How your little one can adapt (and even thrive!) in this new reality.
COVID-19 has disrupted nearly every aspect of daily life, including your little one’s social calendar. While it’s natural to worry about whether missing preschool or music lessons affect your child’s development, many experts say that staying home isn’t always as bad as it might seem. Studies show that even during “normal times” the most important thing you can give your child is lots and lots of time with you.
“For kids under 5, this may actually be great for them,” developmental psychologist Amy Learmonth explains. “Just having mom and dad home to attach with 24/7 —we may come out of this and realize we have a lot of kids who now have really healthy attachment styles.”
Spending lots of time together is developmentally beneficial: a child’s brain architecture depends on the responsive relationships they have with caring adults. They learn through you how to communicate, regulate feelings, and move around in the world. According to Harvard’s Center on the Developing Child, children who have healthy, interactive relationships with their parents starting at birth tend to have stronger cognitive skills, social competence, and work skills later in life.
Building this healthy relationship with your child can be as simple as incorporating back-and-forth “serve-and-return” interactions into everyday moments. If your child babbles in their high chair, you talk back. If your child hands you a spoon, you show them how to use it. It may not be immediately obvious, but through these simple interactions, you’re helping your child build a world of new skills.
Here are a few more ways to keep supporting your child’s development from home –and from a distance if you’re unable to be at home right now.
How to support your child’s development during COVID-19:
- Read every day: Reading a book every day provides valuable one-on-one time and has been shown to improve everything from language skills to graduation rates. Plus, reading is a great way to build social and emotional skills in the absence of everyday interactions with other children or family members. Try picking books about love, feelings, friendship, and family.
- Schedule video calls: Keep grandma or a cousin on top-of-mind with a video call! Try these fun activities if you’re experiencing video chat fatigue. No worries if your child can only sustain a short conversation –even a few minutes of connection are better than none.
- Play often! Schedule time every day for play. Even just 15 minutes can spark millions of new brain connections. Try Jenga or dominoes or keep it simple with something like Patty Cake. Whatever you choose, leave your phone behind! In order for your child to get the most out of playtime, they need your undivided attention. Looking for playtime ideas? Check your Daily activity plan!
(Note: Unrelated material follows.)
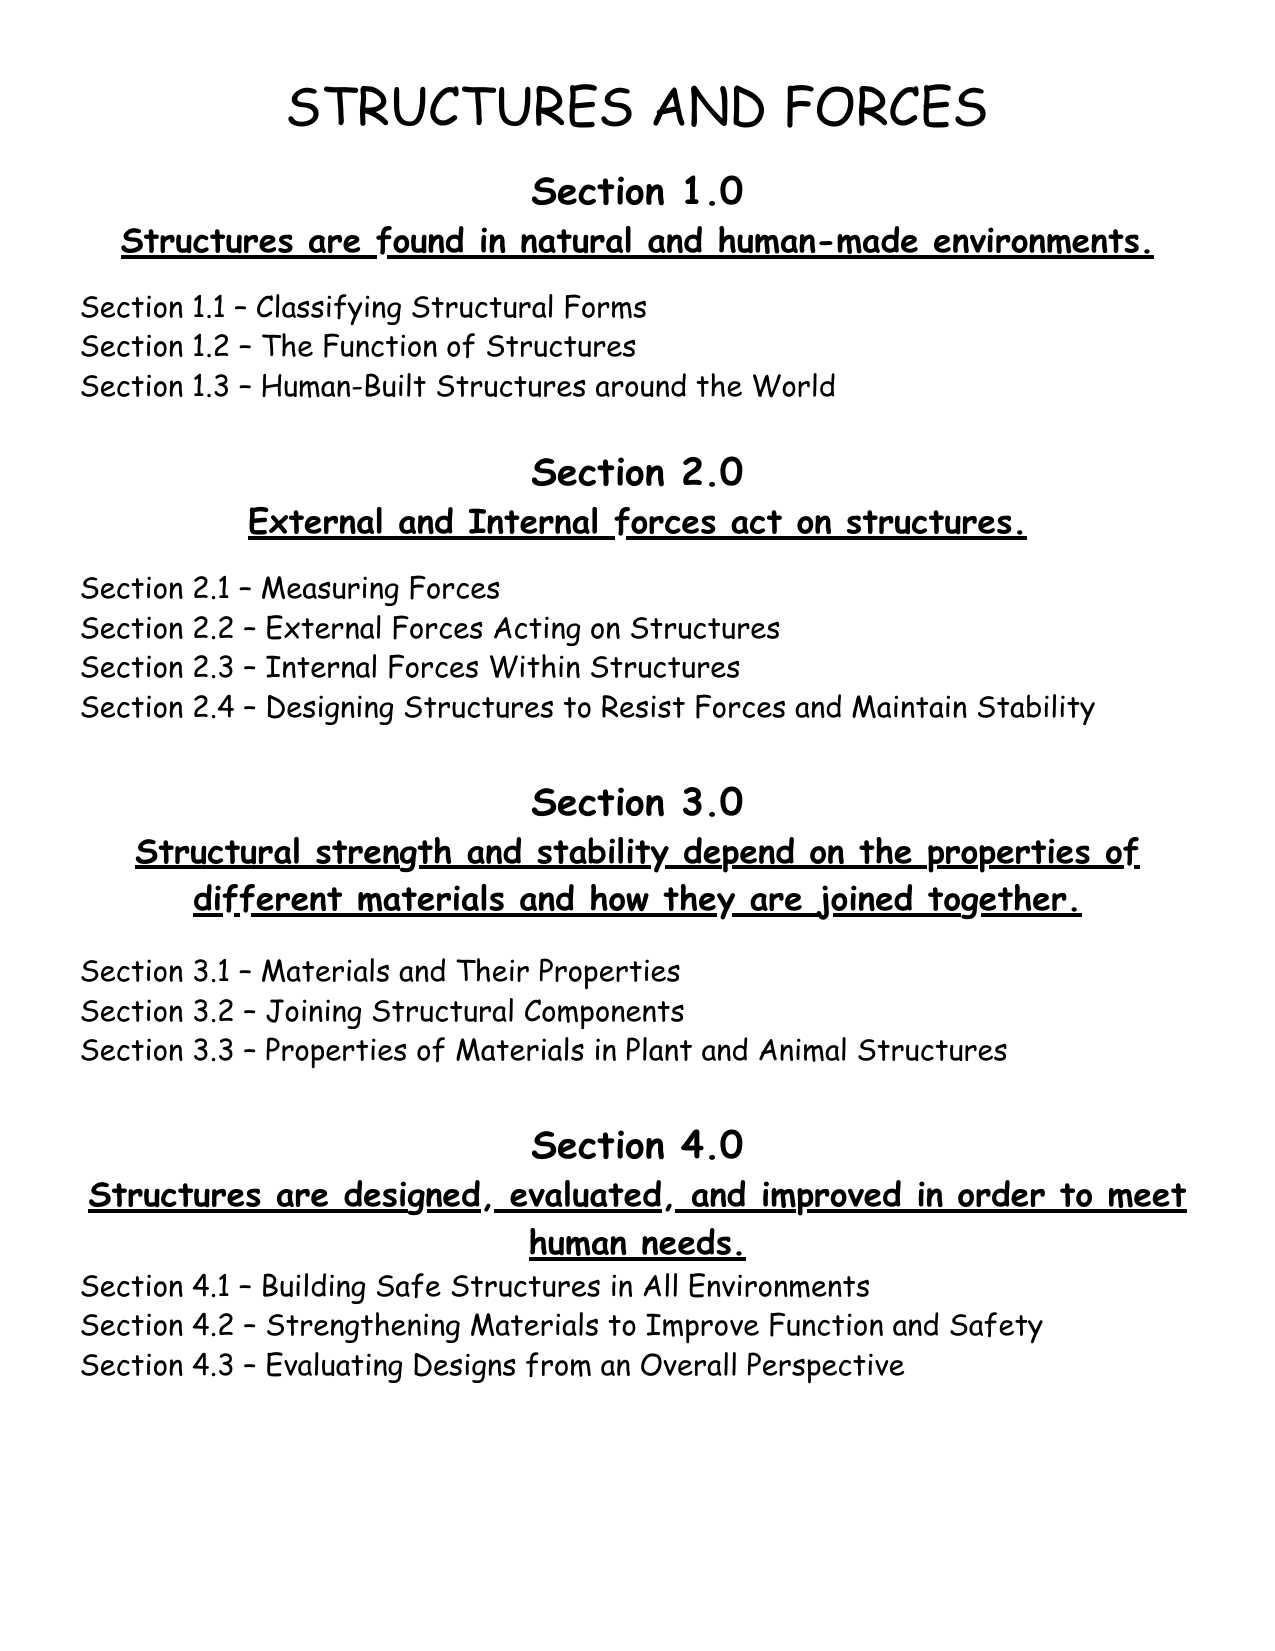 Chapter 2 origins Of American Government Worksheet Answers Also Science 7 Structure and forces Unit and Lesson Plans Resource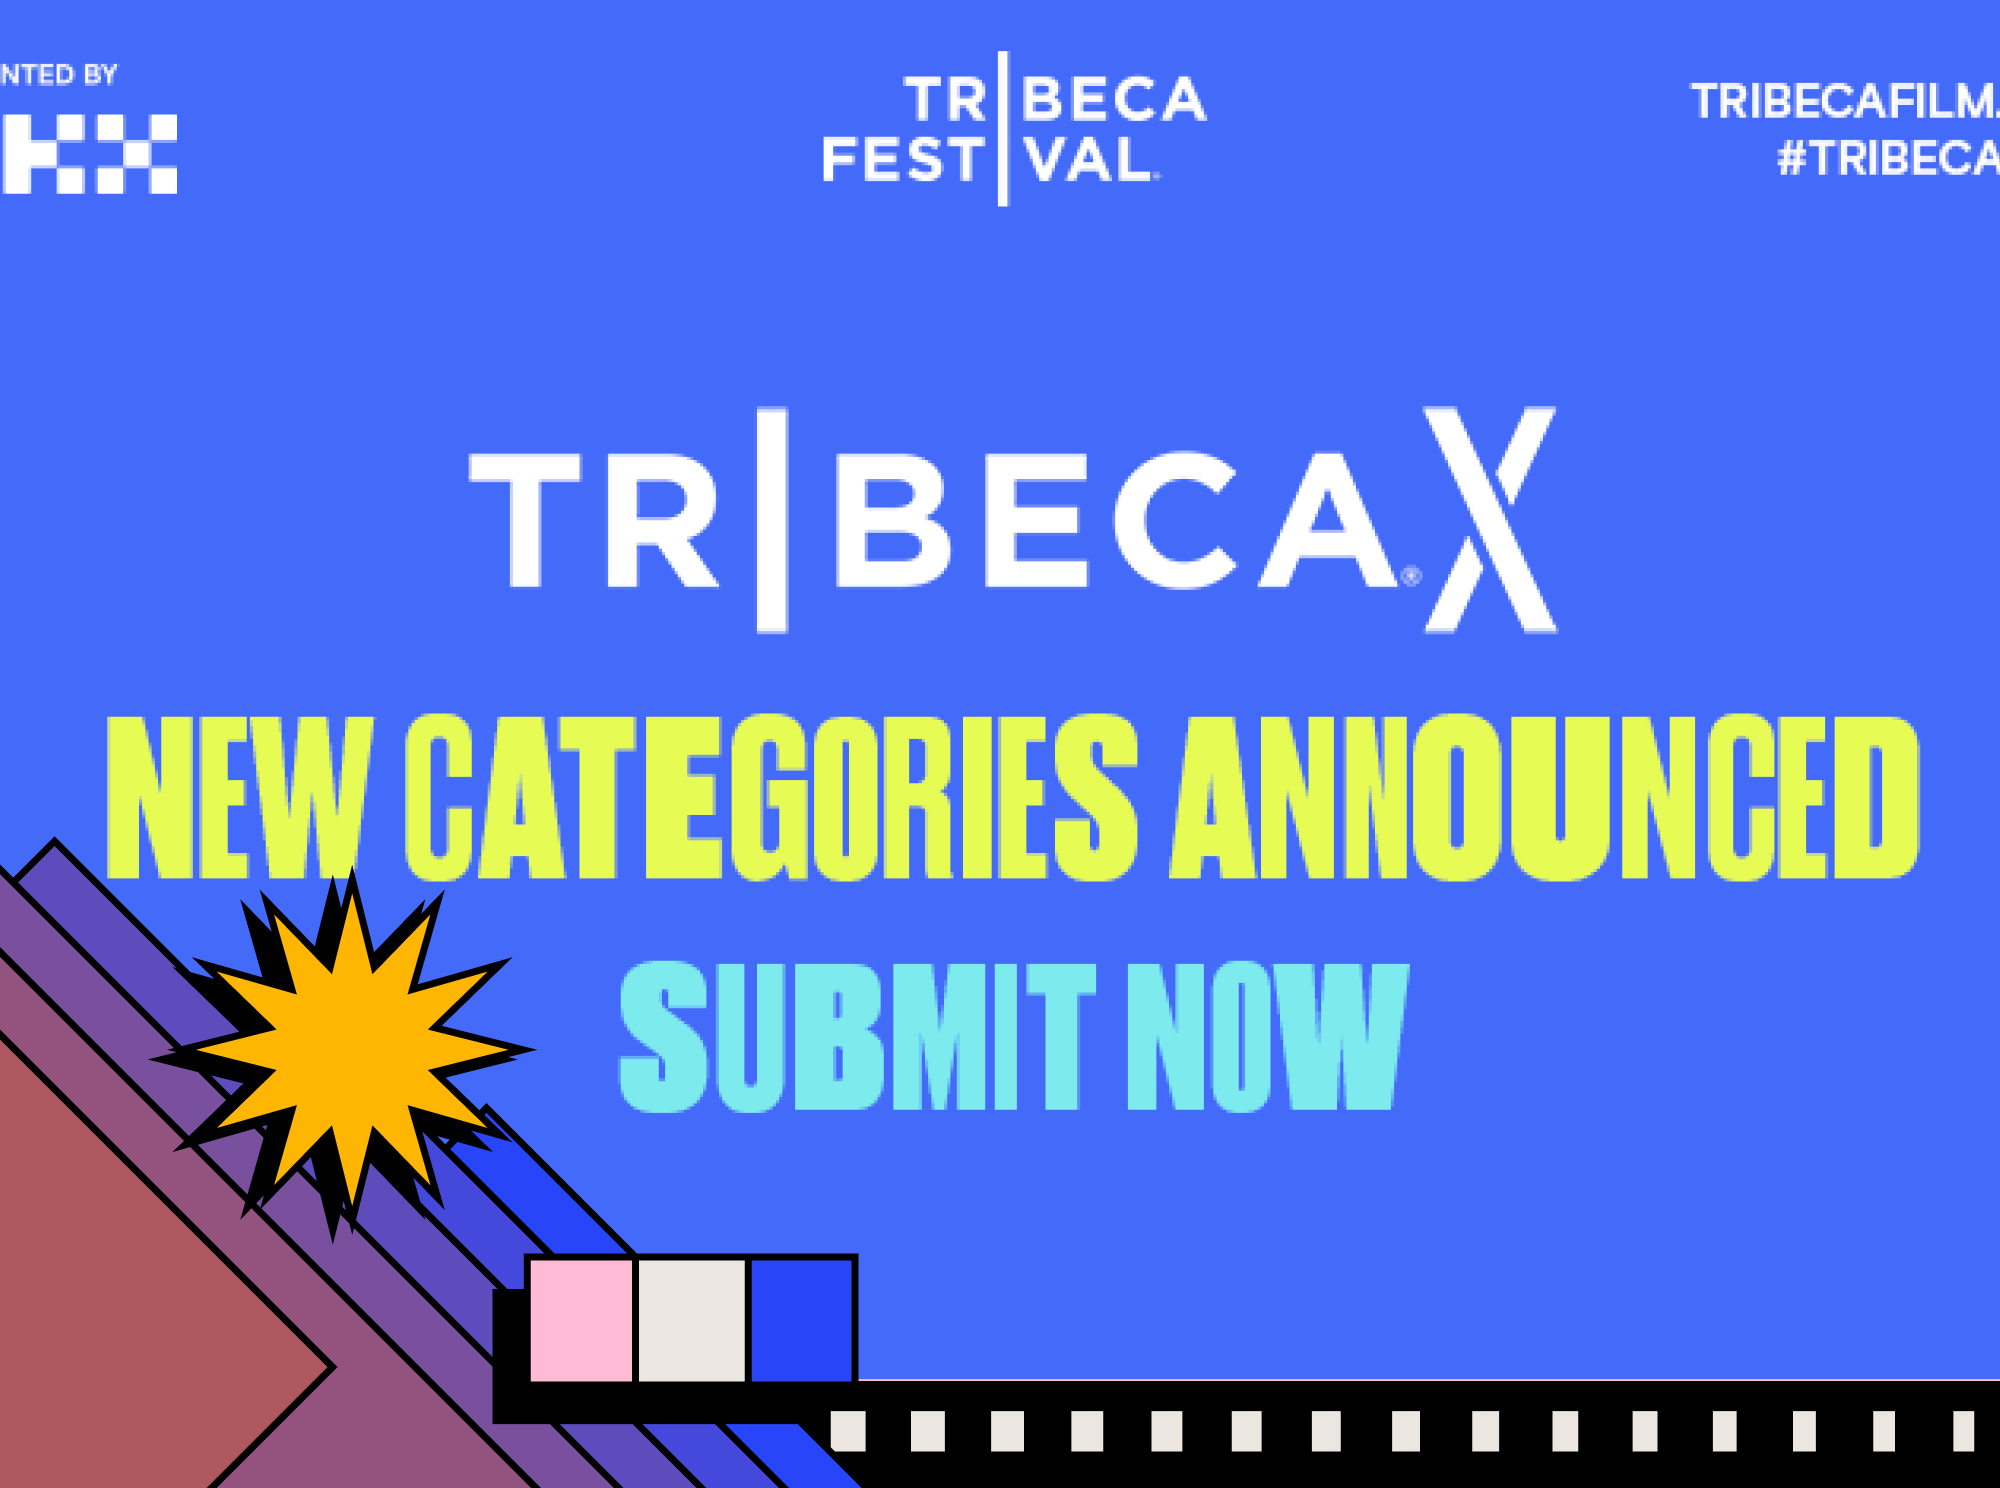 Tribeca Film Festival Open for Submissions

- Practice mindfulness: Now is a great time to start building resilience as a family. Focusing on what you can control and letting go of what you can’t is a key tenet of meditation. Here are a few ways to practice.
Whether you’re a frontline worker, divorced, or live away from your child, staying connected and involved in your child’s development is still possible at a distance. Here are a few ways to stay in touch and make those video chats a little more fun! FYI, if you’re worried about screen time: the American Academy of Pediatrics suggests that if you’re interacting –instead of passively watching–, screen time can be okay. Because video calls allow for interaction, it’s not as concerning as watching television or playing video games.
- Have dinner together: Accompany your little one during a meal. Place your phone or laptop near you during dinner time, and maybe have conversation topics picked out ahead of time.
- Read: Take five to ten minutes to read a book together before bed or during your lunch break. Prefer to go screenless? No problem. Your child will still appreciate hearing the sound of your voice.
- Bake together: You don’t have to be a professional to bake a boxed cake. Keep it simple and follow the same recipe step-by-step. Celebrate by eating a slice together!
- Send letters: Draw pictures or cards and send them to each other every week. Soon, you’ll develop a collection that you’ll cherish forever.
If your child is upset about not being able to see family or friends, validate their feelings and remind them that it’s about keeping everyone safe. We’ll see each other again one day, but for now, we can focus on talking over the phone or deepening connections with our immediate family. The more we can teach our children to adapt and move forward, the more resilient they’ll be in the future.